Thieblemont Catherine, Dumontet Charles, Bouafia Fadhela, Hequet Olivier, Arnaud Philippe, Espinouse Daniel, Felman Pascale, Berger Françoise, Salles Gilles, Coiffier Bertrand

机构信息

Hematology Department, Hospices Civils de Lyon-Claude Bernard University 69495 Pierre-Benite, France.

出版信息

Leuk Lymphoma. 2003 Feb;44(2):257-62. doi: 10.1080/1042819021000035680.

DOI:10.1080/1042819021000035680
PMID:12688342
Abstract

The aim of this study was to retrospectively analyze survival and tumor response data in patients with localized gastric MALT lymphoma treated by different treatment modalities other than anti-Helicobacter pylori treatment (diagnosis made before 1993, or after failure of antibiotics + anti-acid), including surgery, chemotherapy or combined treatment. Here we studied a series of 48 patients with stage IE or IIE disease treated during the past 11 years.
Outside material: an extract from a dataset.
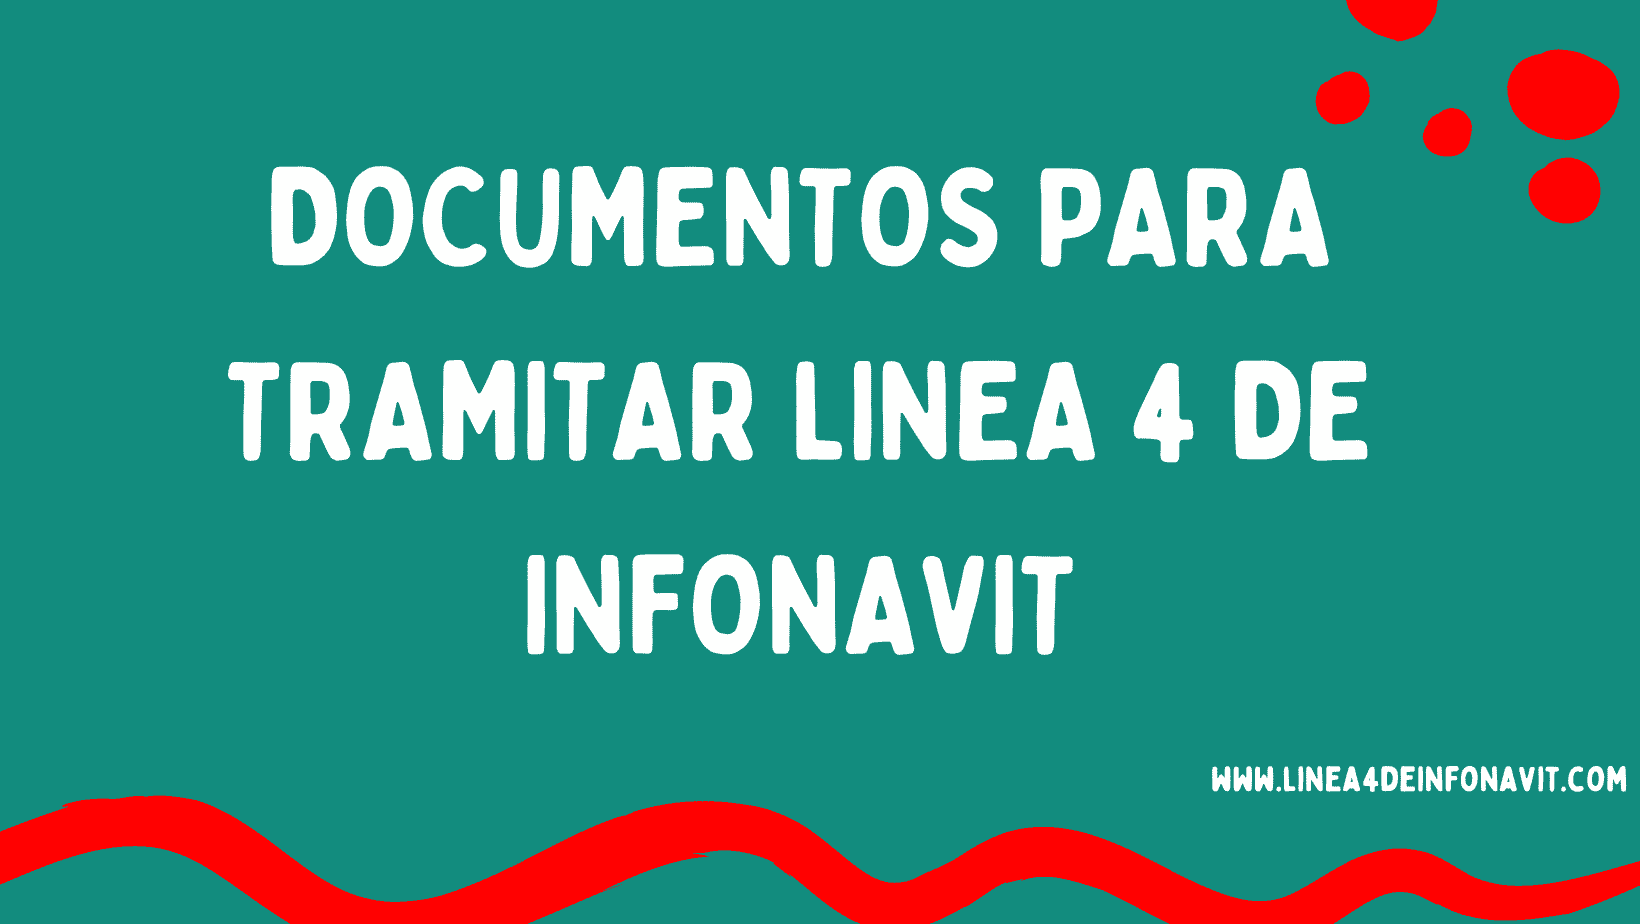 Copia de PLantilla linea 4 infonavit 2 1 • Linea 4 INFONAVIT
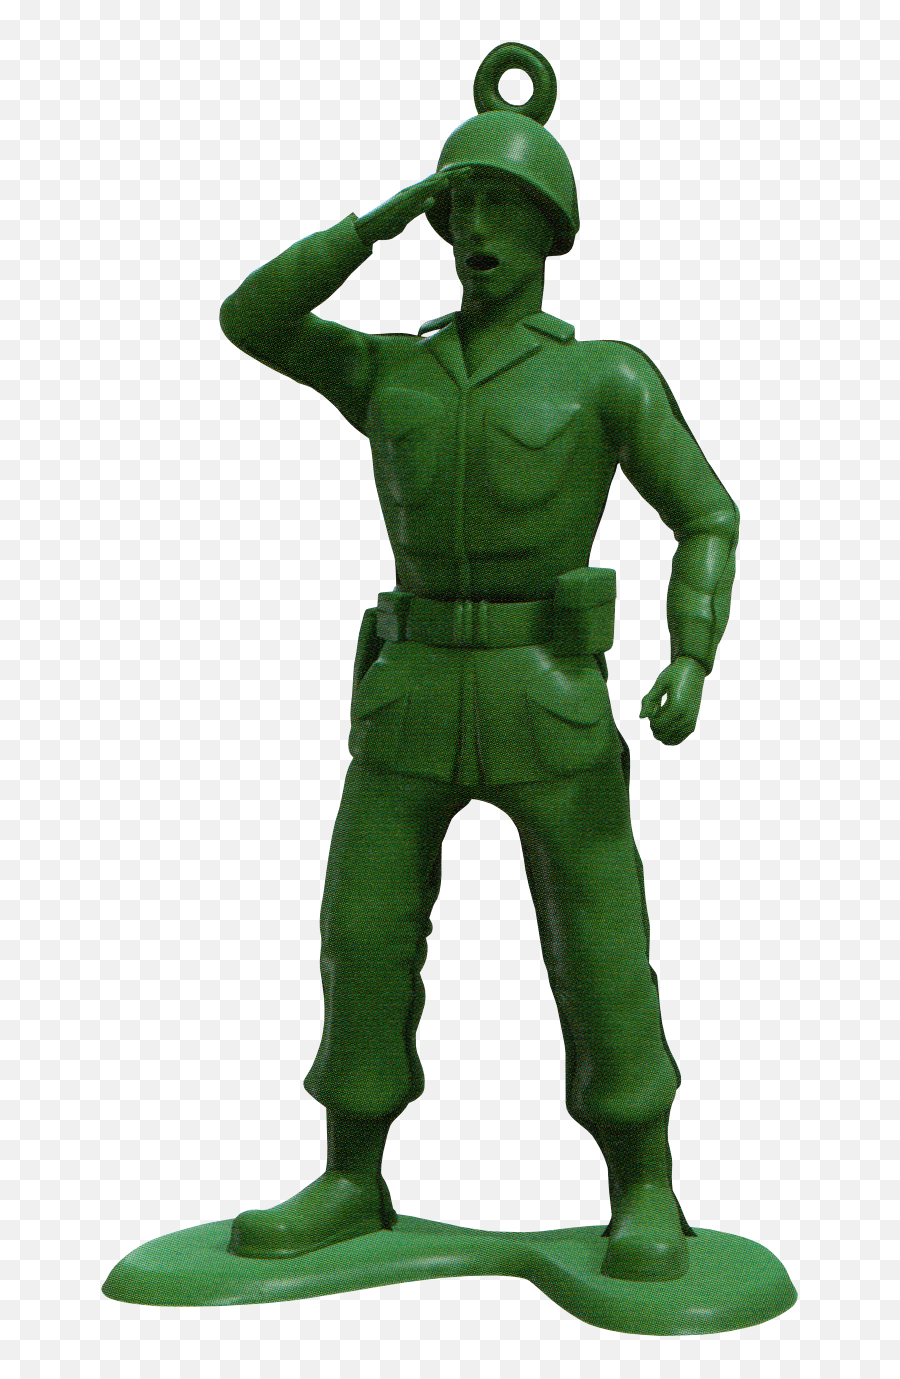 Green Army Men - Kingdom Hearts Wiki The Kingdom Hearts Green Army Men Png,Army Helmet Png

These patients received different treatments: chemotherapy was proposed to 19 (40%) patients; gastric surgery to 21 (43%) patients, consisting of partial gastrectomy of 7 patients and total gastrectomy in 14 patients; combined treatment to 8 (17%) patients, consisting of surgery + chemotherapy in 7 patients and surgery + chemotherapy + radiotherapy in 1 patient. At diagnosis, 85% of the patients had good PS and no B symptoms. Complete response after treatment was reached in 45 (94%) patients (chemotherapy: 84% of the patients; surgery alone: 95%; combined treatment: 100%). Progression was observed in 16 (33%) patients. No statistical difference in the survival was found among the different therapeutic modalities: 5-year overall survival year FFP survival was 81% for chemotherapy, 86% for surgery alone and 95% for combined treatment. Prognostic factors for survival were age, performance status and hemoglobin level at diagnosis. Considering the natural bias of a retrospective analysis, surgery or chemotherapy was associated with a similar outcome in patients with MALT lymphoma after antibiotics failure.

摘要

本研究的目的是回顾性分析除抗幽门螺杆菌治疗(1993年以前诊断,或抗生素+抗酸治疗失败后)以外,采用不同治疗方式(包括手术、化疗或联合治疗)的局限性胃黏膜相关淋巴组织(MALT)淋巴瘤患者的生存和肿瘤反应数据。我们研究了过去11年中接受治疗的48例IE期或IIE期疾病患者。这些患者接受了不同的治疗:19例(40%)患者接受化疗;21例(43%)患者接受胃手术,其中7例行部分胃切除术,14例行全胃切除术;8例(17%)患者接受联合治疗,其中7例为手术+化疗,1例为手术+化疗+放疗。诊断时,85%的患者体能状态良好且无B症状。45例(94%)患者治疗后达到完全缓解(化疗:84%的患者;单纯手术:95%;联合治疗:100%)。16例(33%)患者病情进展。不同治疗方式之间的生存率无统计学差异:化疗的5年总生存率和无进展生存率为81%,单纯手术为86%,联合治疗为95%。生存的预后因素为诊断时的年龄、体能状态和血红蛋白水平。考虑到回顾性分析的自然偏差,抗生素治疗失败后,手术或化疗对MALT淋巴瘤患者的预后影响相似。